Não obstante, em seu blog (http://dandoesnotblog.blogspot.com/), Feyer se descreve como “um músico de bom humor que desenvolveu um vício em palavras cruzadas”, e ele publica seus tempos de resolução todos os dias. Há, diz ele, uma competição amigável entre os solvers mais bem classificados. Para um enigma de segunda-feira no The New York Times, seu tempo mais rápido por computador foi de 1 minuto e 22 segundos. O papel leva mais tempo, 1 minuto e 58 segundos, talvez 59. O seu tempo mais rápido foi 1 minuto, 9 segundos, para um quebra-cabeça do Newsday. Mas ele admite que na resolução rápida, pode-se perder o momento “aha!” e a chance de saborear uma solução inteligente.
Um outro músico que trabalha na edição de quebra-cabeças ajudou Feyer a fazer um trabalho freelance de edição e revisão para uma empresa que produz livros de quebra-cabeças, e o inscreveu para escrever um livro de quebra-cabeças de pesquisa de palavras. Ele tentou construir quebra-cabeças, mas decidiu que assim como é melhor a tocar ou dirigir música do que compor, ele é melhor a resolver quebra-cabeças do que a criá-los.

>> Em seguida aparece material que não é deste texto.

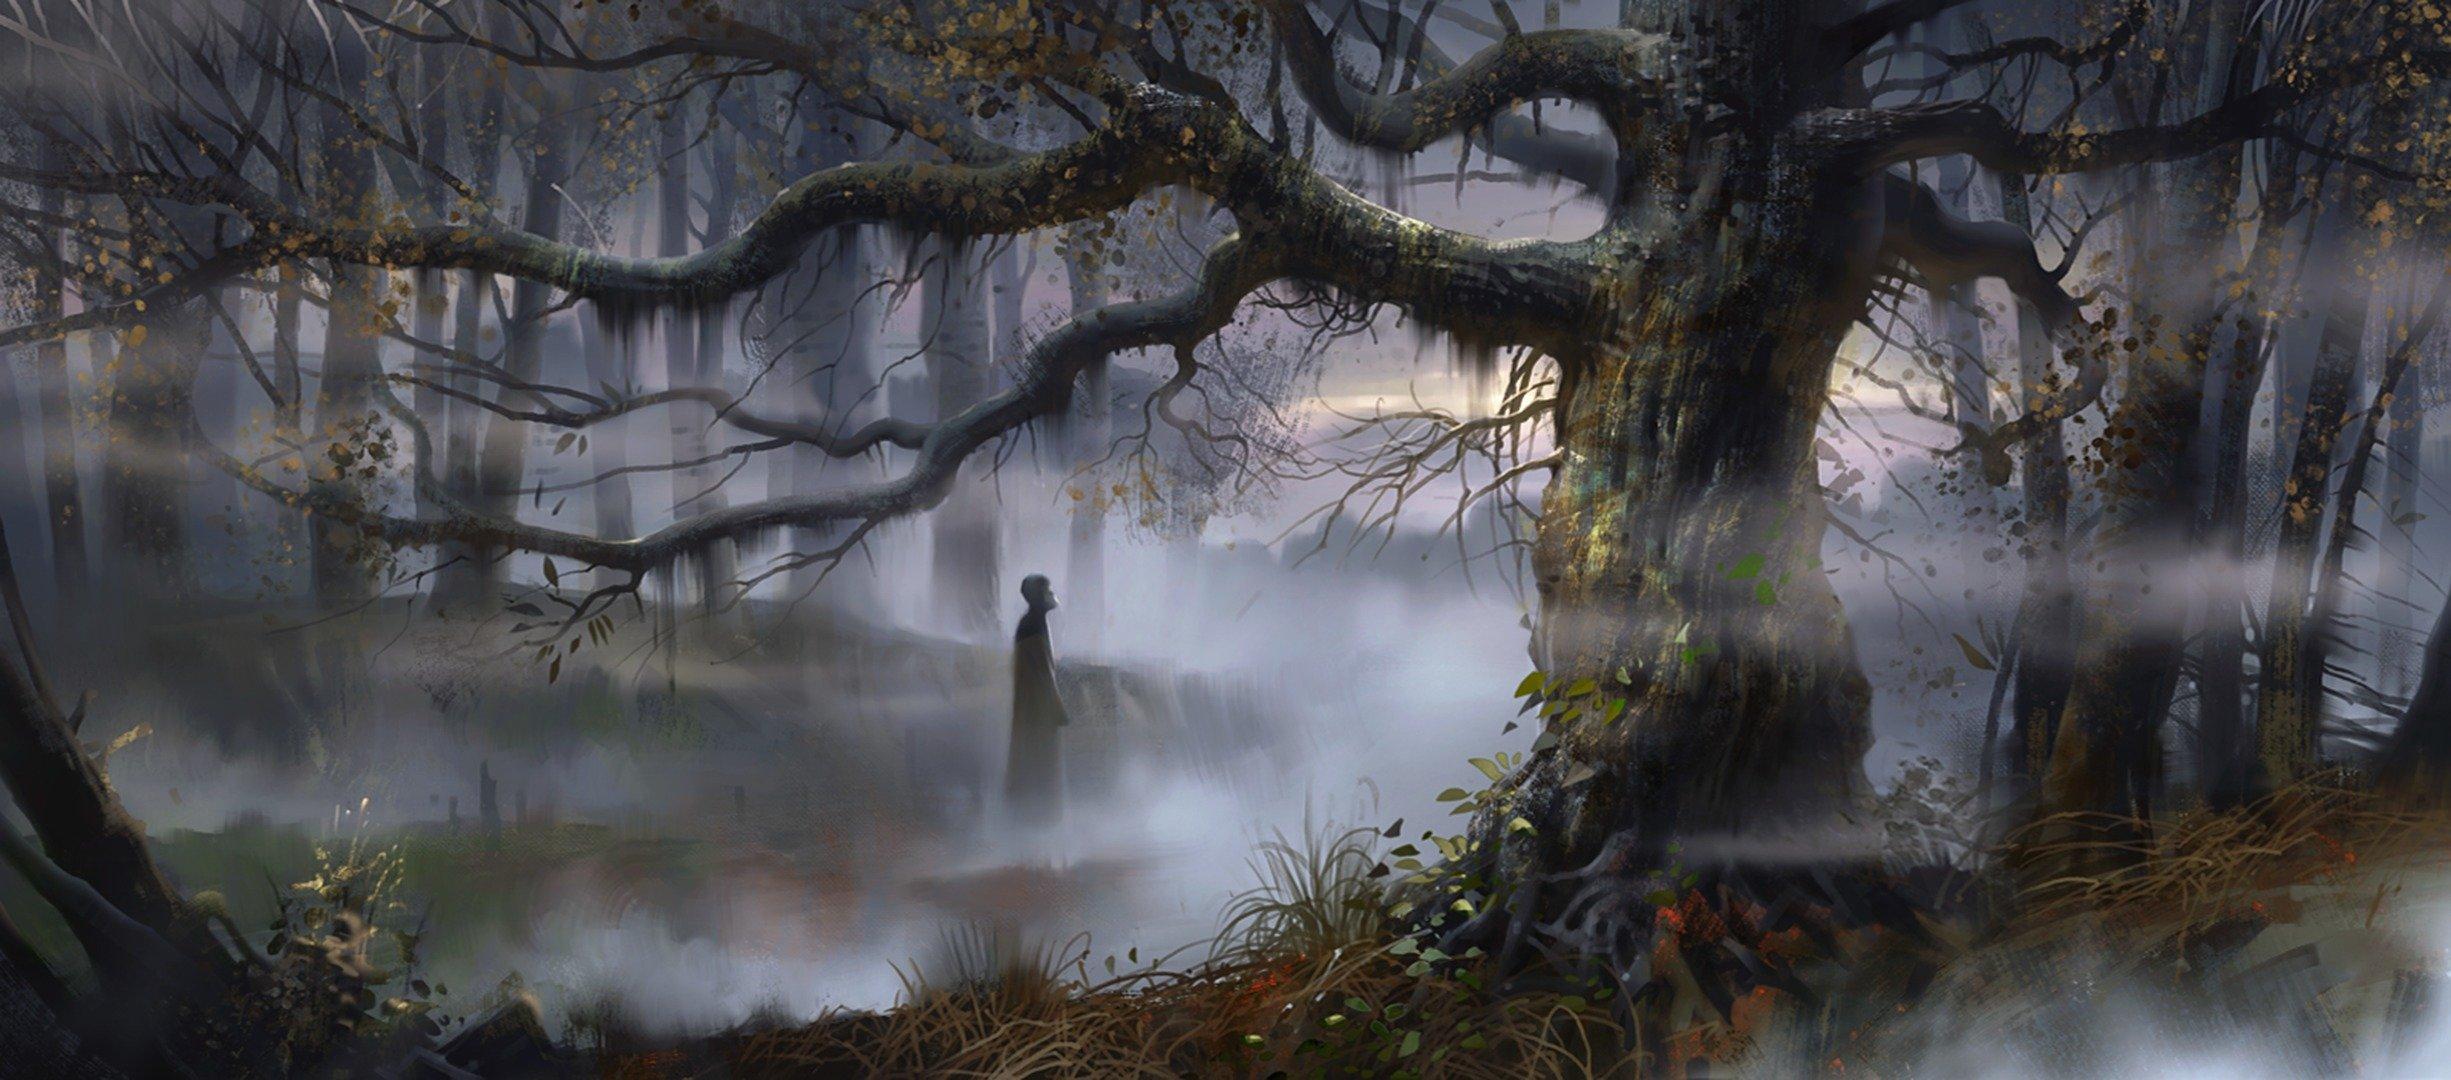 Дед в тумане  № 1842983 загрузить

Even então, ele conseguiu vender alguns quebra-cabeças, incluindo um para o Times; ele vai funcionar em uma terça-feira, um dia relativamente fácil (os quebra-cabeças do Times ficam mais difíceis a cada dia, com o mais fácil na segunda-feira e o mais difícil no sábado). Ele passou 20 horas criando-o, fora e dentro de mais de seis meses. O pagamento por um puzzle diário é de $200 ($1,000 para o grande domingo).
Dando uma escolha, ele prefere resolver as palavras cruzadas num computador. Mas nas competições os puzzles são feitos em papel, onde as pistas são arranjadas de forma um pouco diferente, por isso à medida que o torneio anual se aproxima (o próximo é em Março), ele muda para papel para se manter no topo do seu jogo. Caso contrário, ele disse: “você pode perder segundos preciosos, preciosos à procura de pistas”. Ele escreve com um lápis mecânico, do mesmo tipo que usa para marcar partituras musicais.

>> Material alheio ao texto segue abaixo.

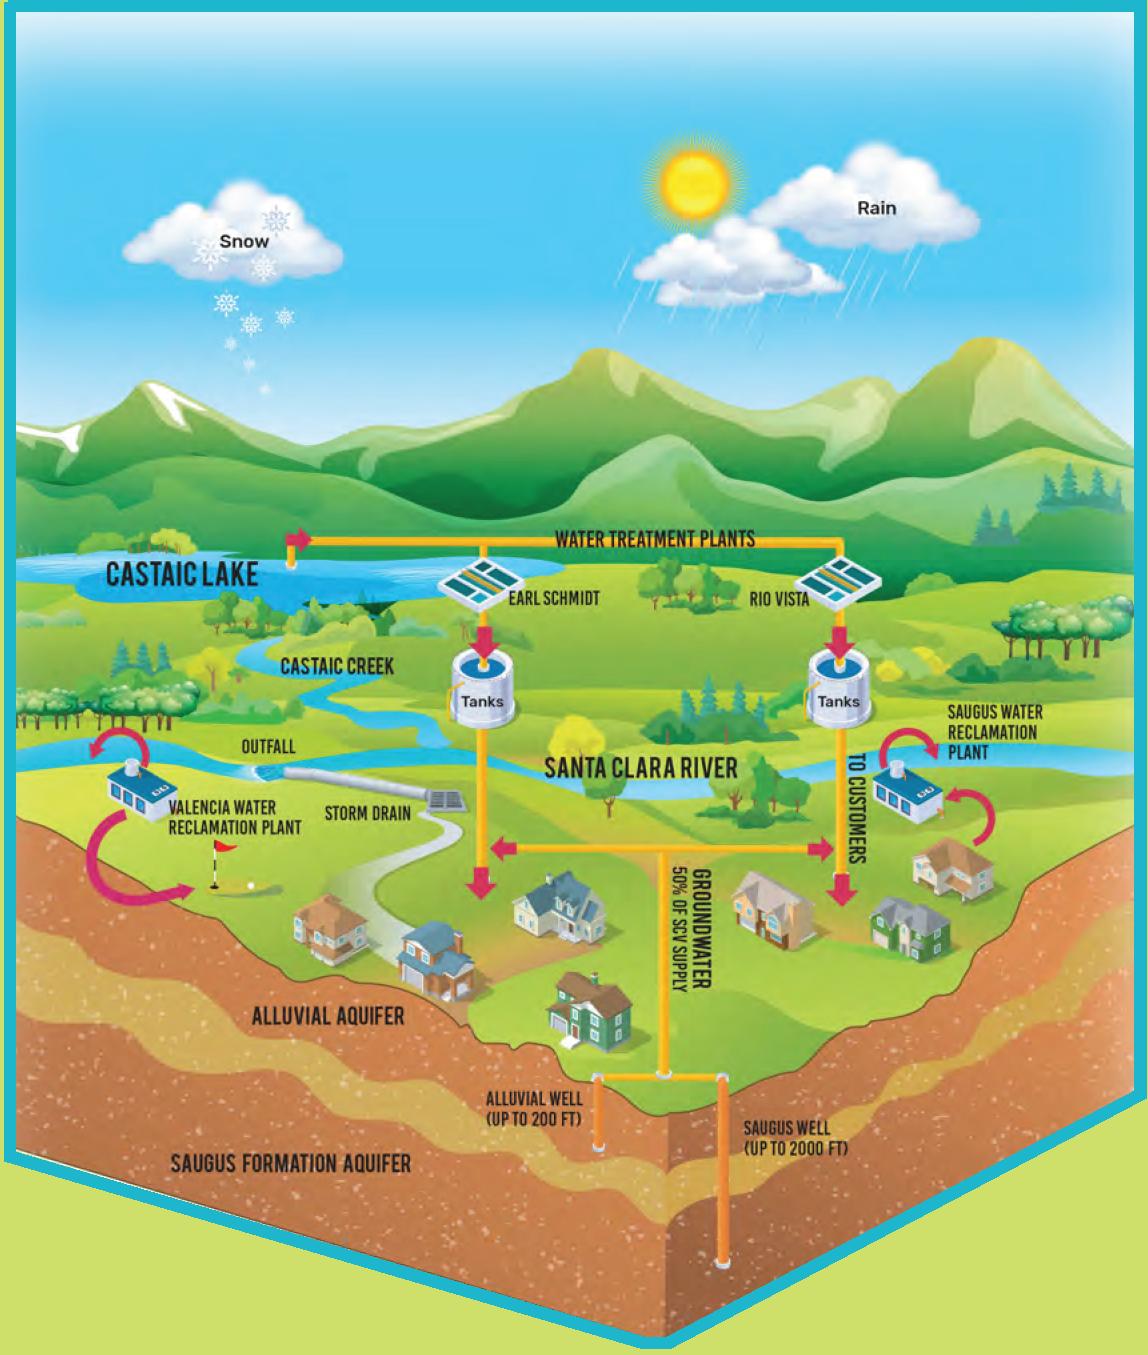 Upper Santa Clara River Watershed

Ele planeja competir novamente.
“Eu definitivamente vou tentar defender o título”, disse ele. Ganhar é divertido, mas também, ele acrescentou, “a única maneira de ganhar dinheiro com este passatempo”.
O grande prémio é de $5.000. Ele professou que os torneios de Sudoku pagam muito mais – $10.000. “Eu não sou particularmente bom em Sudoku”, disse ele.
Ele não joga Scrabble. Esse jogo e as palavras cruzadas diferem nos tipos de palavras que eles usam.
“Provavelmente prejudicaria minhas chances de campeonato se eu tentasse memorizar a lista de Scrabble também”, ele disse. “Meu cérebro está cheio de palavras cruzadas”
Ele já viu praticamente tudo o que é provável que apareça em um enigma de palavras cruzadas. Mas ele continua a coleccioná-las. “Um dia,” disse ele, “Eu terei feito todas elas.”